Even with more reliable birth control methods there are still breakthrough pregnancies. So it is well within the realm of possibility for a woman to find herself pregnant again, long before the nursing baby or toddler is ready to wean off the breast, and before the mother herself is ready to bring the breastfeeding relationship to a close. Mothers who are still breastfeeding may feel sad or anxious or even experience feelings of guilt upon discovering they are pregnant again. Your feelings are your feelings and you deserve a judgement free space to process them along with honest information about your options.


So what if you get pregnant while you are still breastfeeding?


In most cases it is perfectly okay to continue breastfeeding if you get pregnant. There is no health risk to the growing baby.

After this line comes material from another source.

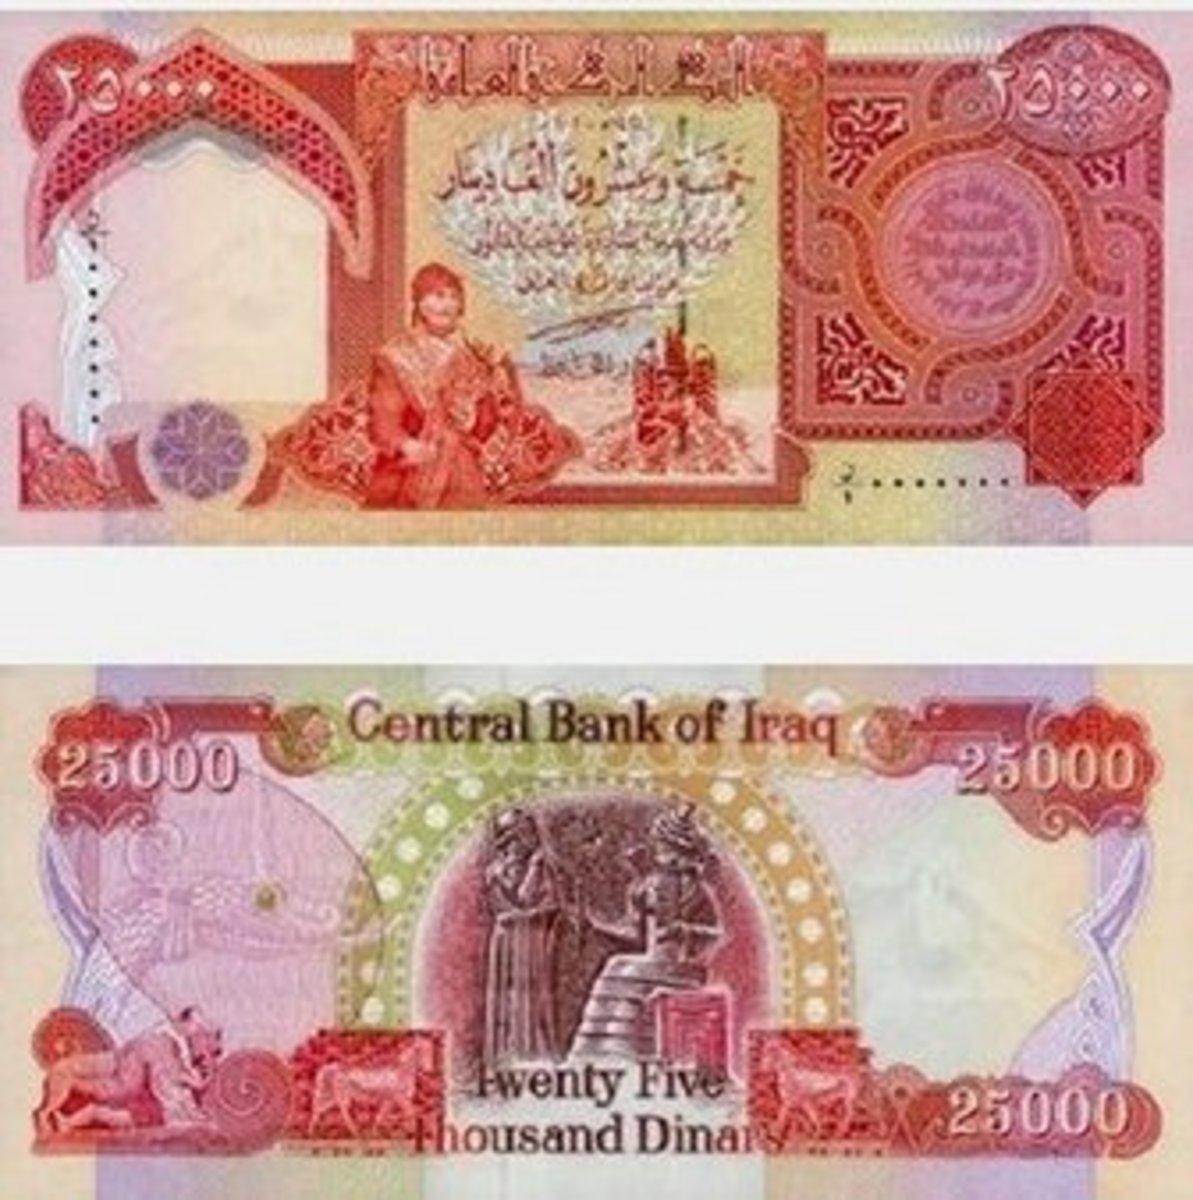 25000 Iraqi Dinar Note

However, if a mom is at particular risk for miscarriage or preterm labor, breastfeeding may exacerbate that risk and may be discouraged; here’s why:


Sustained nipple stimulation (like that which occurs during breastfeeding) triggers mild uterine contractions. In normal, low-risk pregnancies these tiny contractions don’t amount to anything of consequence and don’t pose a risk to the growing baby. Let your care provider know if you are breastfeeding during your pregnancy so that you can discuss the risks, if any, and make an informed choice.


Be aware that the hormones of pregnancy will change your milk and your nursing toddler may wean herself off. The milk supply that she’s become used to will decrease during pregnancy and the taste of your milk will change. This is because your mature milk will change back to colostrum during pregnancy. 


Also be aware that many mothers experience heightened nipple sensitivity during pregnancy and some mothers will be surprised to suddenly find the sensation of breastfeeding possibly unpleasant, even irritating. These new sensations are hormonal and beyond the mother’s control. Other mothers will continue to happily and comfortably breastfeed. All you can do is try to take it one day at a time. Be sure to stay well hydrated and well nourished, mama, and set limits if you need to for your own well-being and sanity.  It’s okay. 


What happens when the baby is born?


After the new baby is born you can continue to nurse your toddler if you choose. Nursing two (or more) babies of different ages is known as tandem nursing. There is no harm to the newborn in sharing the breast with their older sibling and your body is capable of making enough milk for both of them. Just make sure your newborn has plenty of access to the breast and that your newborn’s needs are prioritized.